Peekaboo had _Tag You're It_ and _Hopscotch _last year, and this year had _Solitaire_ and _Double Dutch_  (kid games, see?)

Amber had_ Koelsch, Pilsner_ and _Shandy_ this year (beer type beverages)

Alibi had _Felony_ and _Jail Bird_ this year (legal names)

And Lindy (registered name Lindsey, which I don't like as a goat name, so we call her Lindy, like Lindy Hop) didn't end up following the theme.  She had one special little guy we named_ Gizmo_; he didn't make it, but he was a funny little guy.

Next year, we will probably switch to a theme of the year, or something.


----------



## babsbag

We don't really have a farm name, I call it Spoonfed Farm, hubby calls it Honey Do. 

My ADGA herd name is Bee Udderly Happy. It is too long for fancy goat names, but I like it. It is also my soap and lotion business name.  My tatoo is BAB1

My ABGA herd name is Kaleidoscope. Thanks to Roll Farms I have a spot addiction and I wanted a name that would reflect the wild patterned goats I hope to breed. My tag line on my business cards is Kaleidoscope Boers, where quality animals can be spotted.


----------



## Straw Hat Kikos

Well my Kikos are NKR registered and are "Straw Hat Kikos" and my Nigerians are NDGA registered and are "Straw Hat Goats"


----------



## GLENMAR

Glen Mar Farm










same herd name here.


----------



## kfacres

Everything operates under KF-Acres- the dairy, sheep, and beef...  But we have been known to show under Hurricane Hamps, and Black Diamond Shrops.


----------



## WhiteMountainsRanch

*Farm name: White Mountains Ranch
Herd Name: WM Ranch
Tattoo: WMR1*


----------



## SchönFarbe

I was playing around with German words and came up with Schön Farbe witch translates into beautiful color
I'm still starting out in the goat business and none of my baby's are registered yet so idk if the registration people would let you do that sort of thing or not but I like it


----------



## goats&moregoats

I have not been able to register as of yet. I do have a name picked for the farm.  I have a small list of possibilities for the herd name as well and I am pretty sure my tattoo pick is not being used either. Crossing fingers, will be registered by end of August at the latest.
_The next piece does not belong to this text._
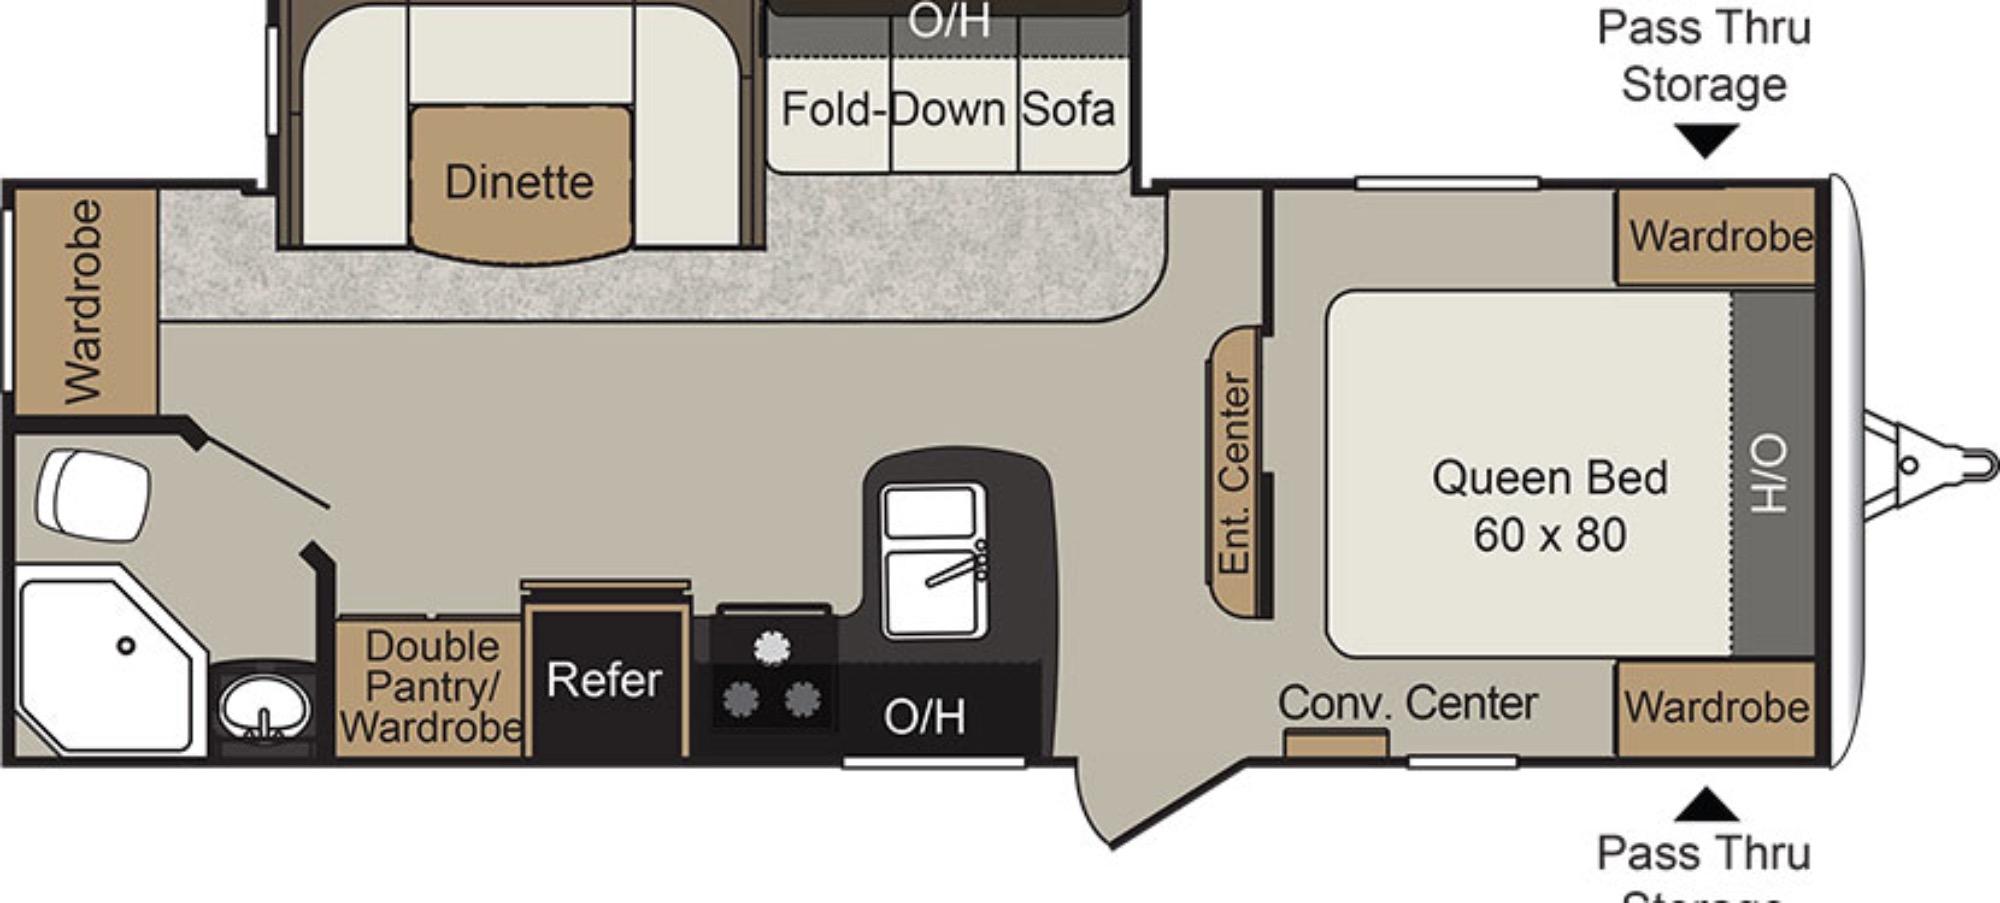 View Floor Plan for 2018 KEYSTONE PASSPORT 2510RB

Animal names vary at this point as a few are owned by other family members. However have started a theme using native American words, so hoping to stick to that. Right now I have:

Izzy (came with name),
Sweet Sakura: Japanese Cycle of life. Owned by another family member.
Hakuna-Matata: from Lion King, meaning: No worries for the  rest of your days. Owned by another family member.
Cheekahla Kinta: Little Deer  Lokota
Koko Mapiya:  Night(Blackfoot) Sky(Sioux) Known as Peanut at the barn. Peanut was her given name from previous owner.
Loco Loki: Crazy(Spanish) Loki(Norse god of mischief) My son named.
Crazy Enapay Viho: Crazy Brave(Sioux) Chief(Cheyenne) Known as Gus Muss at the barn. Gus was his given name from previous owner.
One Royal Esha:  One Royal Desire(Hindi )
Coconut Rum(English)  Owned by another family member.
Venus ( came with name)
Mavis: daughter named her
Bambi: owned by another family member.

Sheep: Rhett & Scarlett. Owned by another family member.

GP: LGD's Tahoe & Yukon came with names at 7yrs old.


----------



## nstone630

If we ever did register as a farm....I'd have to say we'd do Stone Plantation  Just what I've always called our little lot of land and animals.
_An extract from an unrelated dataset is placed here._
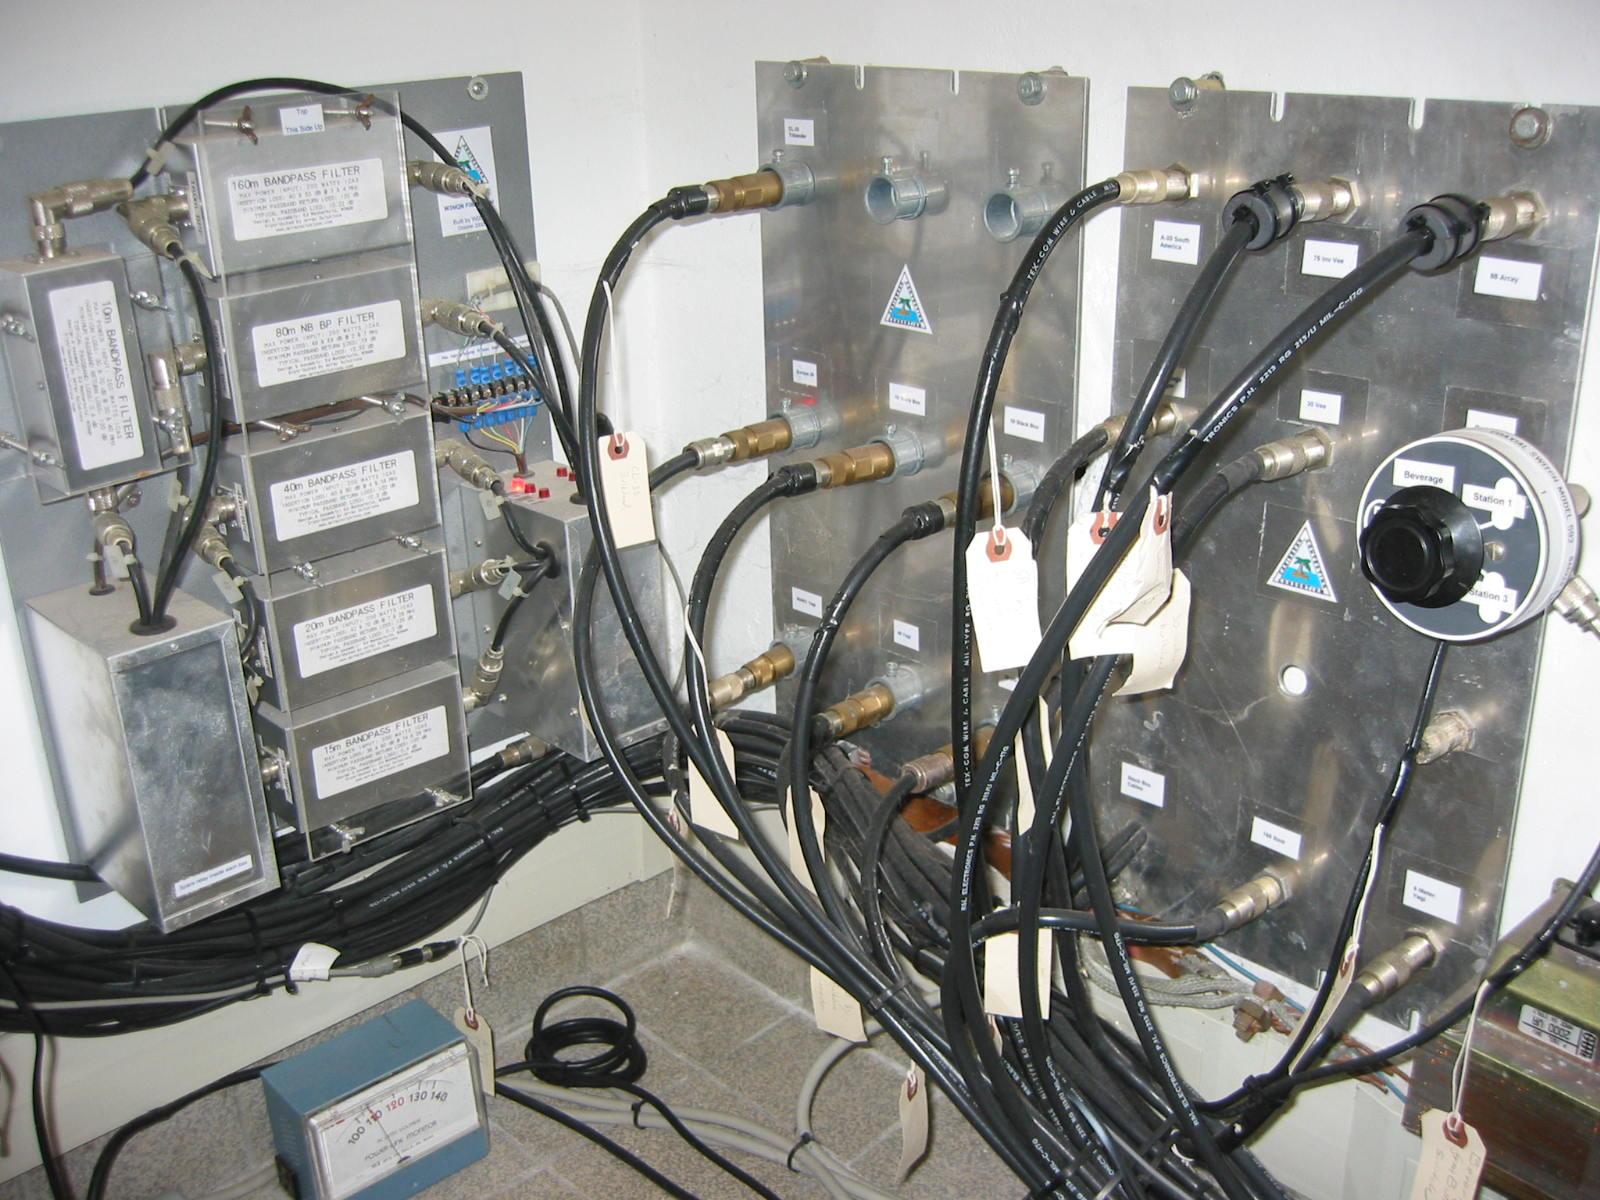 Pj2t Station Home Page Telephone Rewiring Adsl Quotpro Installquot Entry Bulkhead

I'm not sure the process of actually registering. Might have to look into that. What does it take to qualify?


----------



## mikiz

I don't know if you can or need to register as a farm in Aus, but I've decided the prefix for all my animals will be "Zwinter" or "ZW", the place I eventually settle on will have that as part of the title, something like Zwinter Acres or Zwinter Fields.
This is in memory of my first dog, a blue and white Amstaff who was only 20 months when she mysteriously passed away, of no known cause. 
Her name was Winter, which in Dutch (my heritage) is Zwinter, my last name also starts with Z, so it all works!
The farm animals will consist of blue, white, blue & white, silver, and black and combinations thereof, whichever breeds I can find in those colours, if it's not that colour it doesn't stay. (also helps me not keep everything )
I have her ashes, and when I find the perfect place I will bury her and plant a tree over her grave.


----------



## TheCuteOrpington

Broody butts farm


----------